DESCRIPTION OF THE TASK: From the listing that follows, reproduce only the lines from the one holding "Boys black tipped short sleeve polo shirt" through the one holding "Engine Mounting Kit, 4.0L/4.2L;", both included, with no pictures.

DATASET EXTRACT:

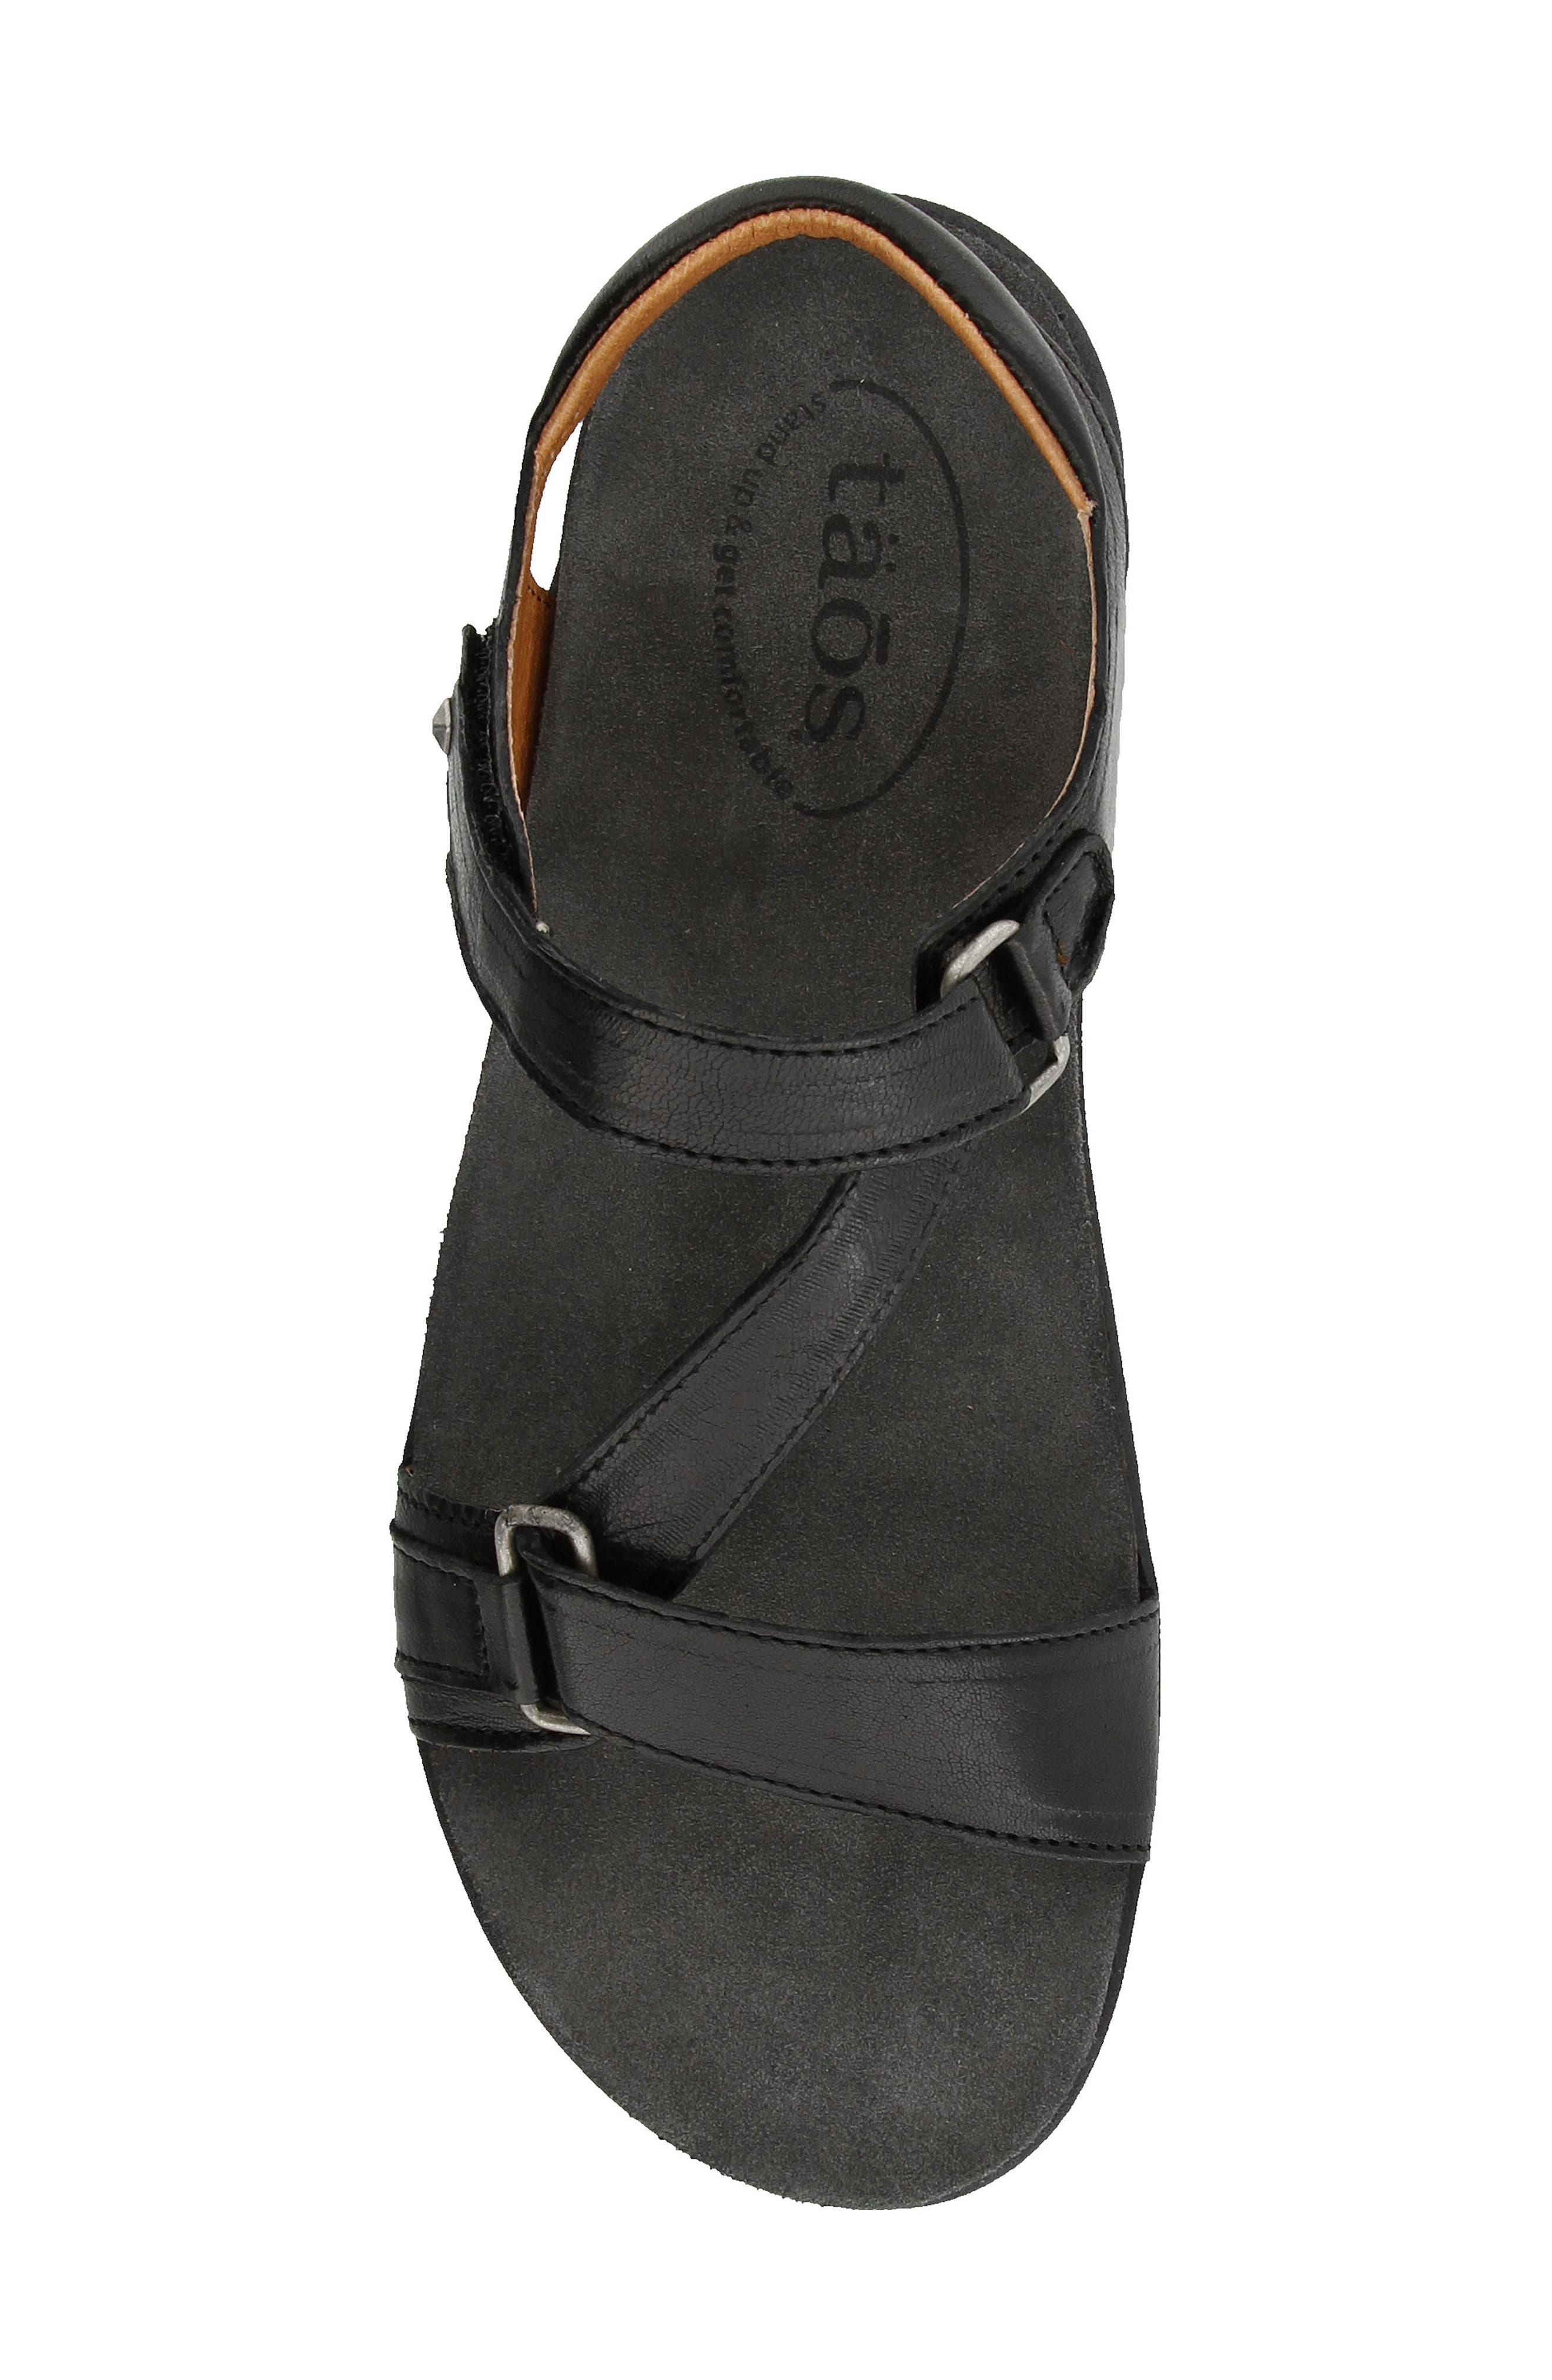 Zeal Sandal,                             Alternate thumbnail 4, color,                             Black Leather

==

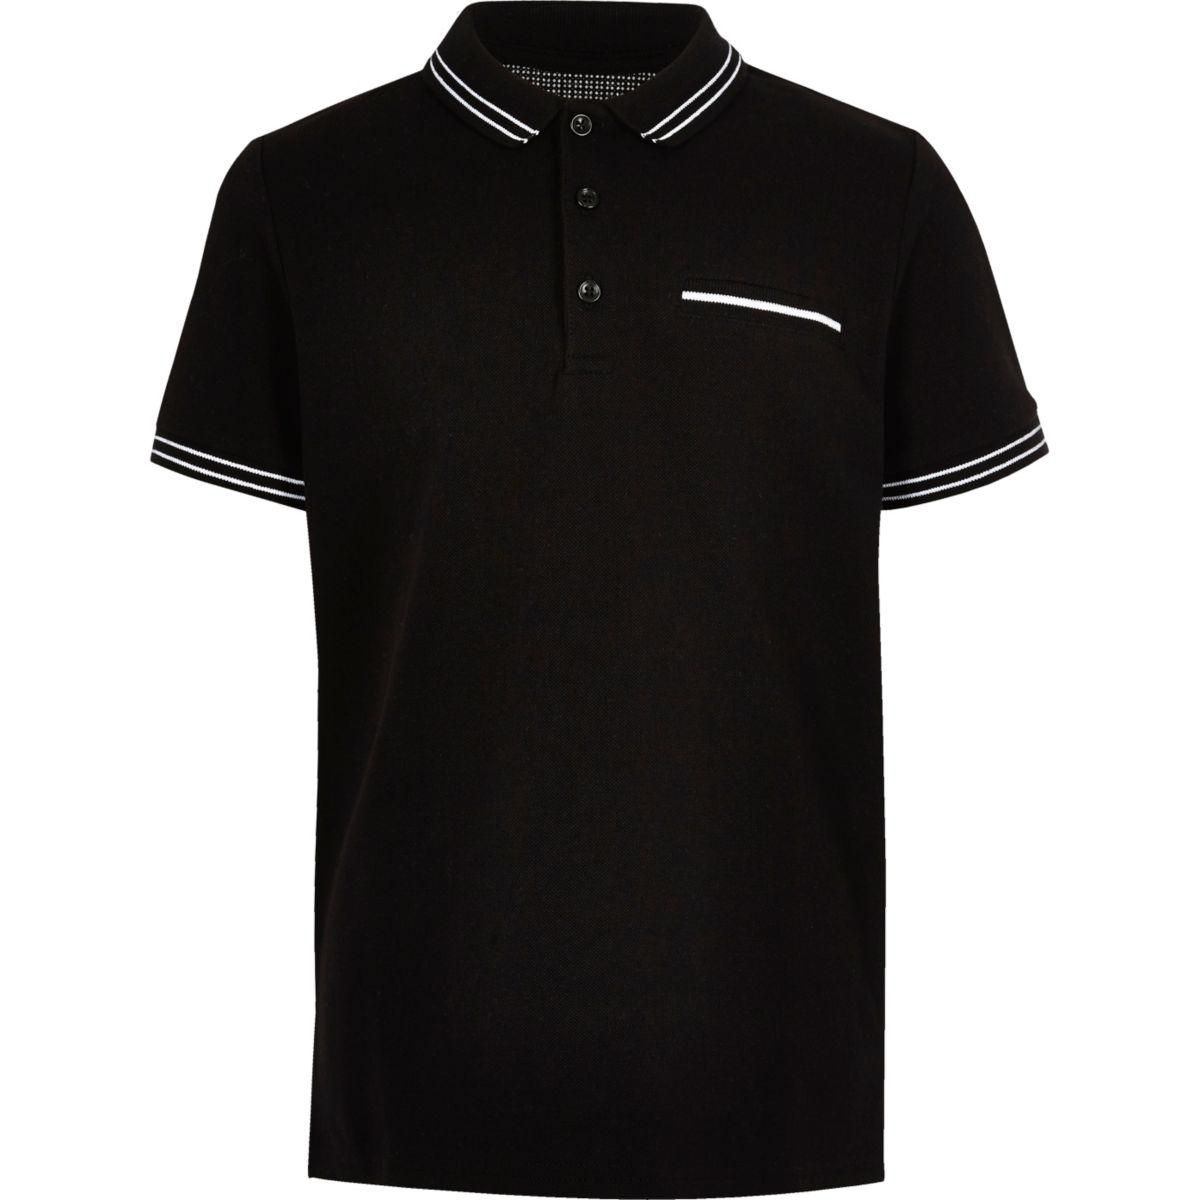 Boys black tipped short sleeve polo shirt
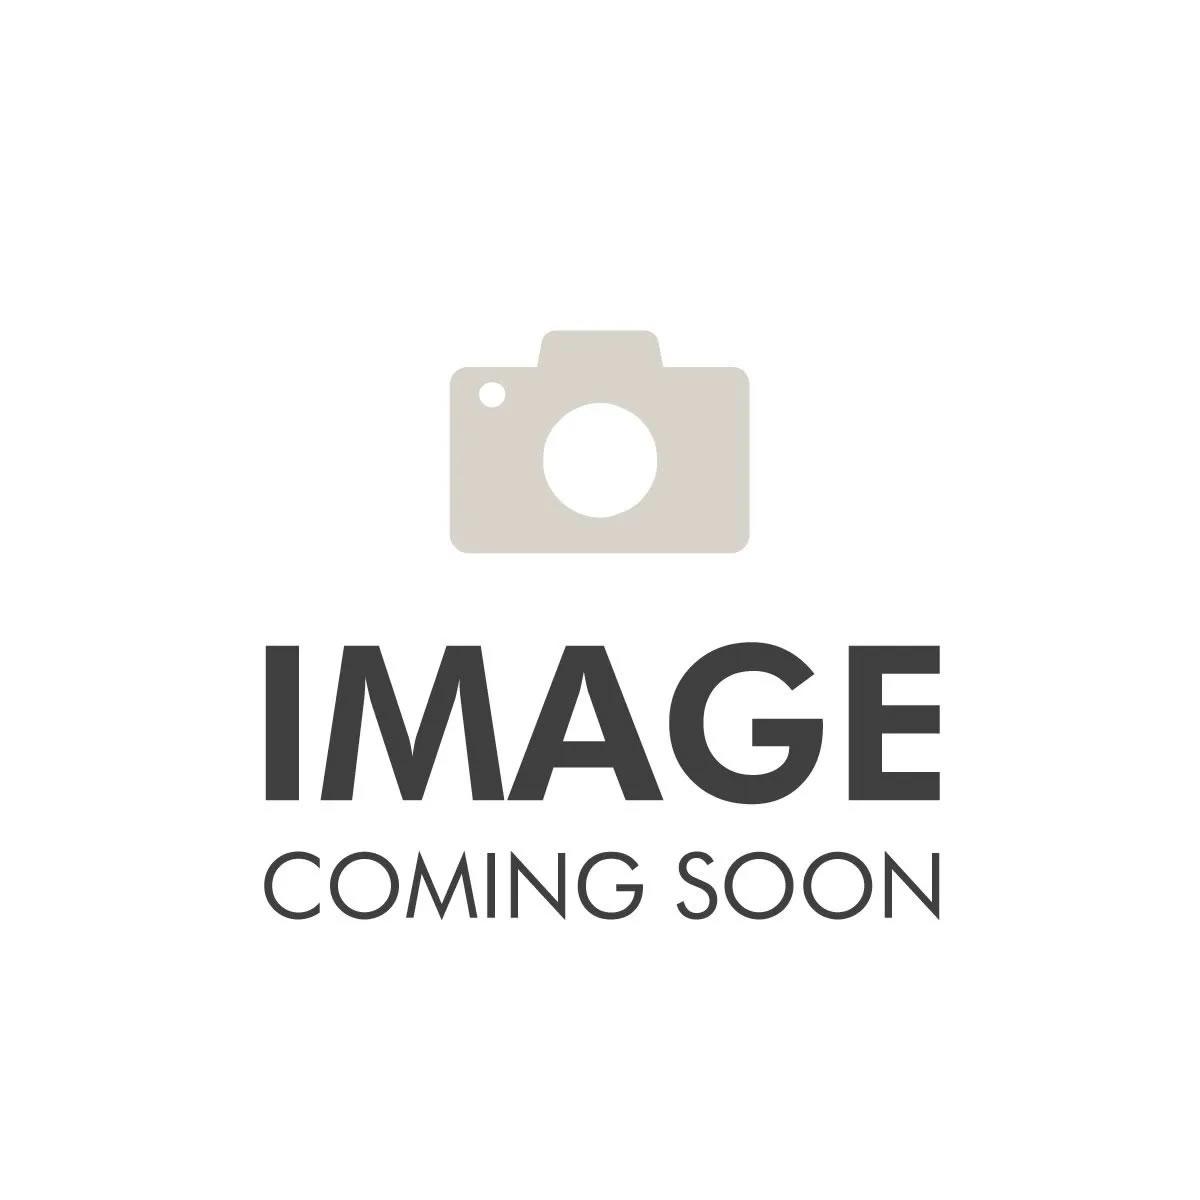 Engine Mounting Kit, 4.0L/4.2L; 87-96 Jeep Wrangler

WORKED SOLUTION:
 Boys black tipped short sleeve polo shirt
 Engine Mounting Kit, 4.0L/4.2L; 87-96 Jeep Wrangler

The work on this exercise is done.